Ahmet Arslan
YENİ HEGEMONYA: DİGİTAL DİKTATÖRLÜK
10 Ocak 2021, Pazar
Whatsapp’ın meşhur sözleşmesini alelade ve rutin bir şey sanıp, ayrıntılarına dikkat etmeden onaylayanlardan birisi de benim.
Meselenin gündeme gelip tartışılması ve ayrıntıların ortaya dökülmesiyle işin vahametini anladım.
Neyse bu nokta çok önemli bir şey değil. Ben çok önemli birisi değilim ve Whatsapp’tan öyle çok ciddi şeyler de paylaşmıyorum.
Fakat mesele benim, senin, diğerinin “çok önemli kişi” olup olmamasıyla alakası yok. Gelinen nokta itibariyle “digital diktatörlüğün hegemonya” cüretinin nasıl azgınlaştığı.
Eğer Whatsapp’ın bizim bilgilerimize, mesaj içeriklerimize ihtiyacı olacaksa, bunu yapıyordur zaten. Bize soracak hali yok.
Şimdi bunu hepimize kabullendirerek, “yeni bir çağın başlamasının” önünü açıyor.
Bilgilerimizle, mesaj içeriklerimizde “yeni çağın insan modelini” biçimlendirmeye, yönlendirmeye ve “tek bir tip insan modeli oluşturmaya” çalışacaklar. Hani şu koronavirüs aşısı için “Bill Gates bize chip takacak” diyen “küçük Einstein’lerin büyük komplo teorilerine” gerek kalmayacak.
Whatsapp hiçbir masrafa girmeden bunu gerçekleştirecek.
Ben bu gelişmeyi, son dönemde Twitter ve diğer sosyal medya mecralarının ABD Başkanı Trump ve ekibine getirdiği yasaktan bağımsız görmüyorum. Geçmişte devletlerin, mahkemelerin karar verdiği “neyin zararlı, neyin zararsız olduğuna” şimdi şirketler karar verecek.
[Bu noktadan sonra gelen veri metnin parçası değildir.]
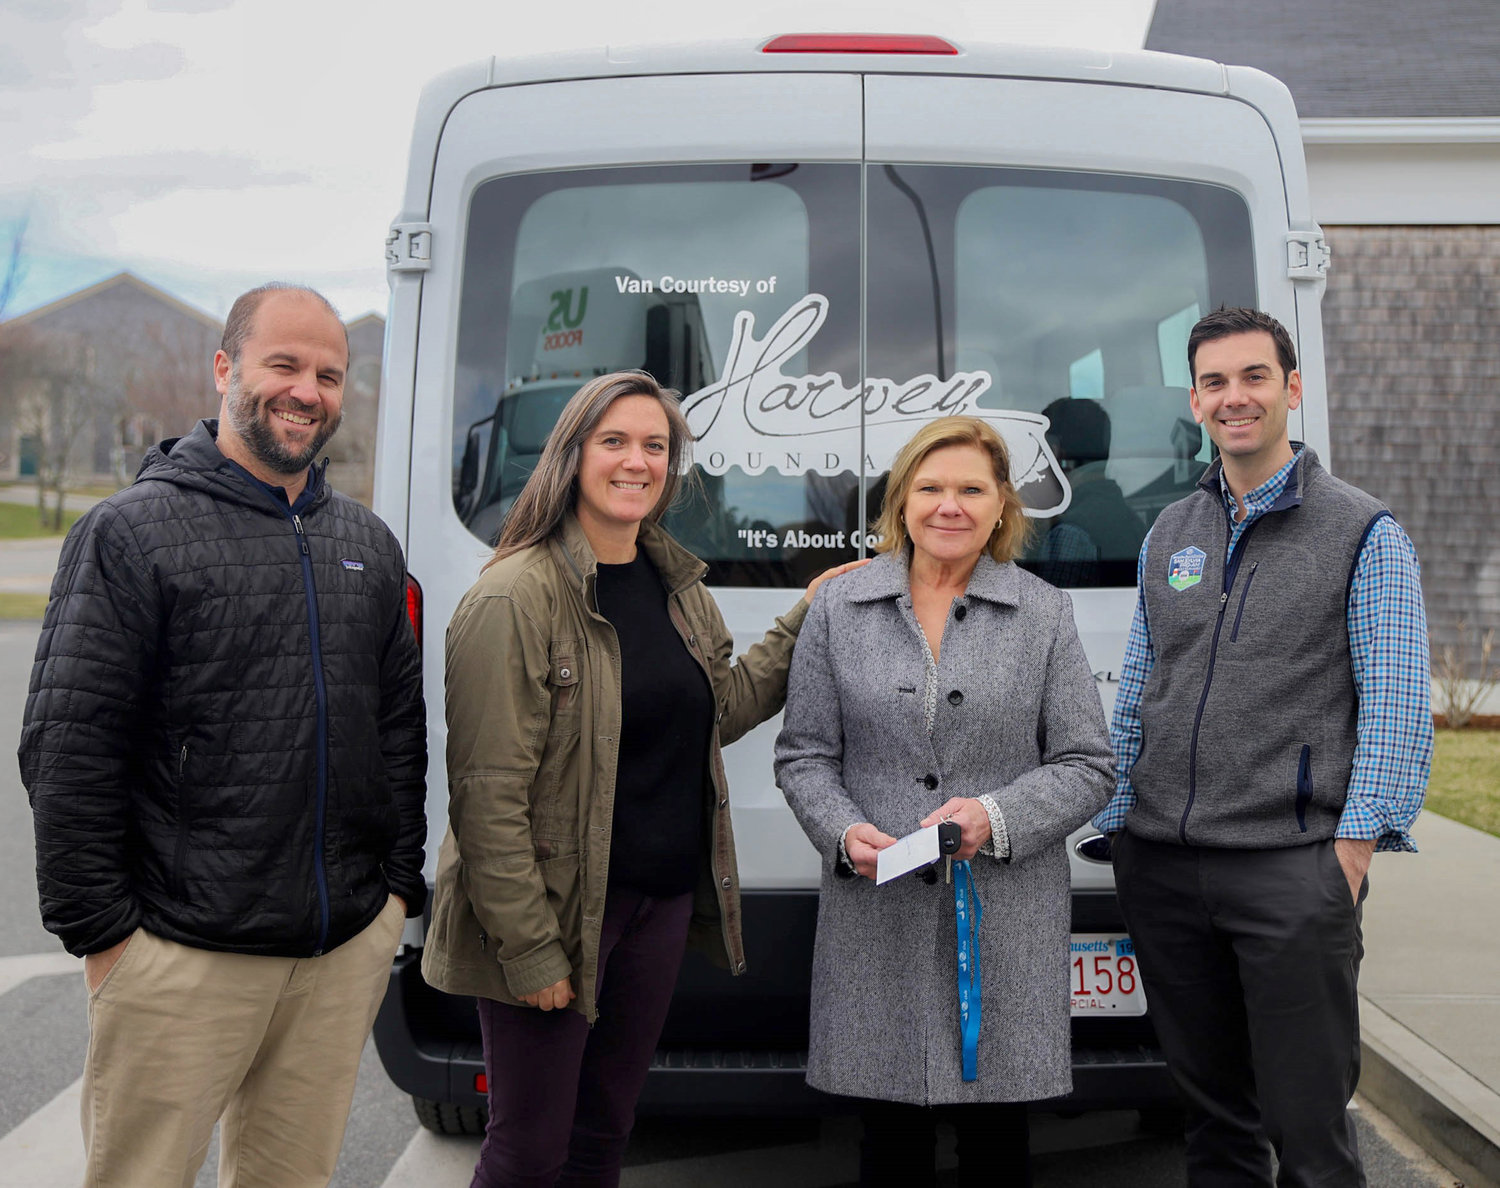 In 2019, the Harvey Foundation raised $10,000 in its annual three-on-three Basketball Tournament to help fund a new van for Nantucket Boys & Girls Club. From left: Travis and Adrienne Lombardi from the Harvey Foundation and Phyllis McInerney and Jamie Foster from the Boys & Girls Club.
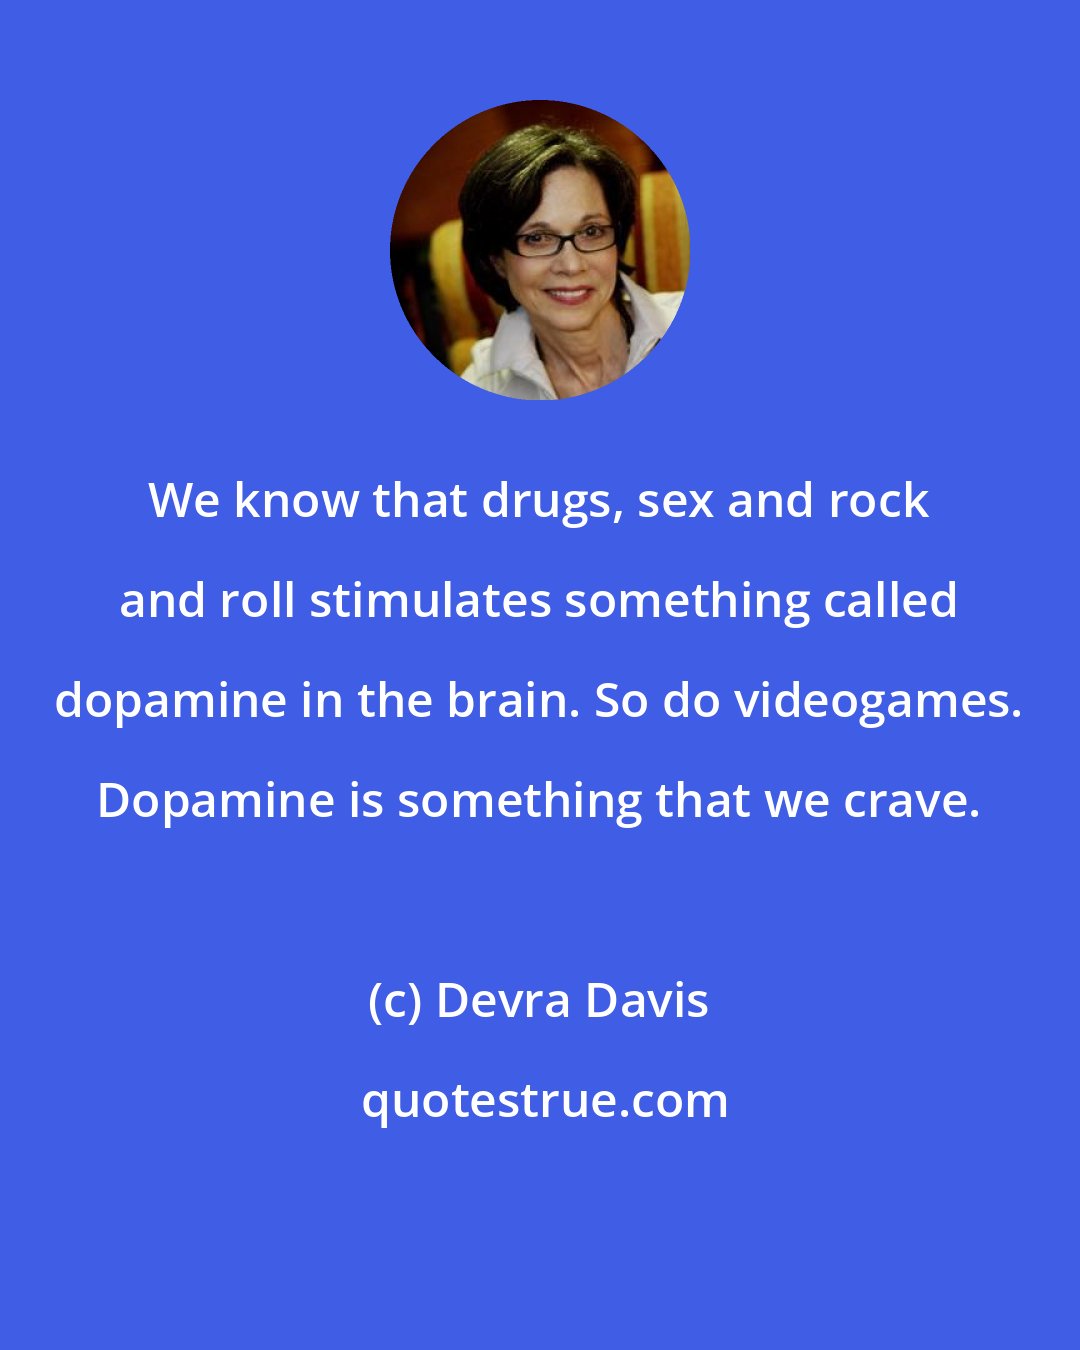 Devra Davis: We know that drugs, sex and rock and roll stimulates something called dopamine in the brain. So do videogames. Dopamine is something that we crave.

Önceki paylaşımlarımın birisinde de belirtmiştim. Twiitter, İran’ın dini lideri Hamaney’ın “aşı karşıtı” bir paylaşımını da silmiş. Aşı yanlısı ve aşının salgını bitirecek en önemli belirleyici olduğuna inanan birisi olarak bunu çok tehlikeli görüyorum. İsteyen istediğine inanır ve savunur. Neyin doğru ve yanlış olduğuna Twitter mi karar verecek?
Geçenlerde FETÖ’cülerin şikâyeti üzerine ABD’deki Türkiye yanlısı bir sivil toplum kuruluşunun hesabını da silmişti Twitter. Fakat FETÖ ve PKK’nın Türkiye aleyhine sahte belgelerle yaptığı paylaşımlara dokunmadığı gibi bunları şikâyet edenlere ceza veriyor.
PKK’lıların bombanın nasıl yapıldığına, güvenlik güçlerinin şehadetlerine ilişkin vahşet içeren paylaşımlarına hiç dokunulmuyor.
Ama sorsan “biz şiddeti öven ve şiddet içeren paylaşımlara müsamaha etmeyiz” diyorlar.
Dünya 2021 yılına aleni bir “digital diktatörlük” tercihi ve yine aleni bir ikiyüzlülükle giriyor. Liberaller, solcular ve bilumum ulus devlet karşıtları coştu. Digital diktatörlüğün yeni boyutlu küresel hegemonyasının coşkusunu yaşıyorlar.
Artık kafalarına göre iktidarları devirebileceklerini ve yeni iktidarlar inşa edecekleri ihtimalinin hazzıyla sarhoş vaziyetteler.
İnsanoğlu, bu yeni hegemonya döneminde koyun gibi kaderine razı olacak mı olmayacak mı, iradesini küresel şirketlere teslim edecek mi etmeyecek mi?
Türümüzün geleceğini bu soru belirleyecek.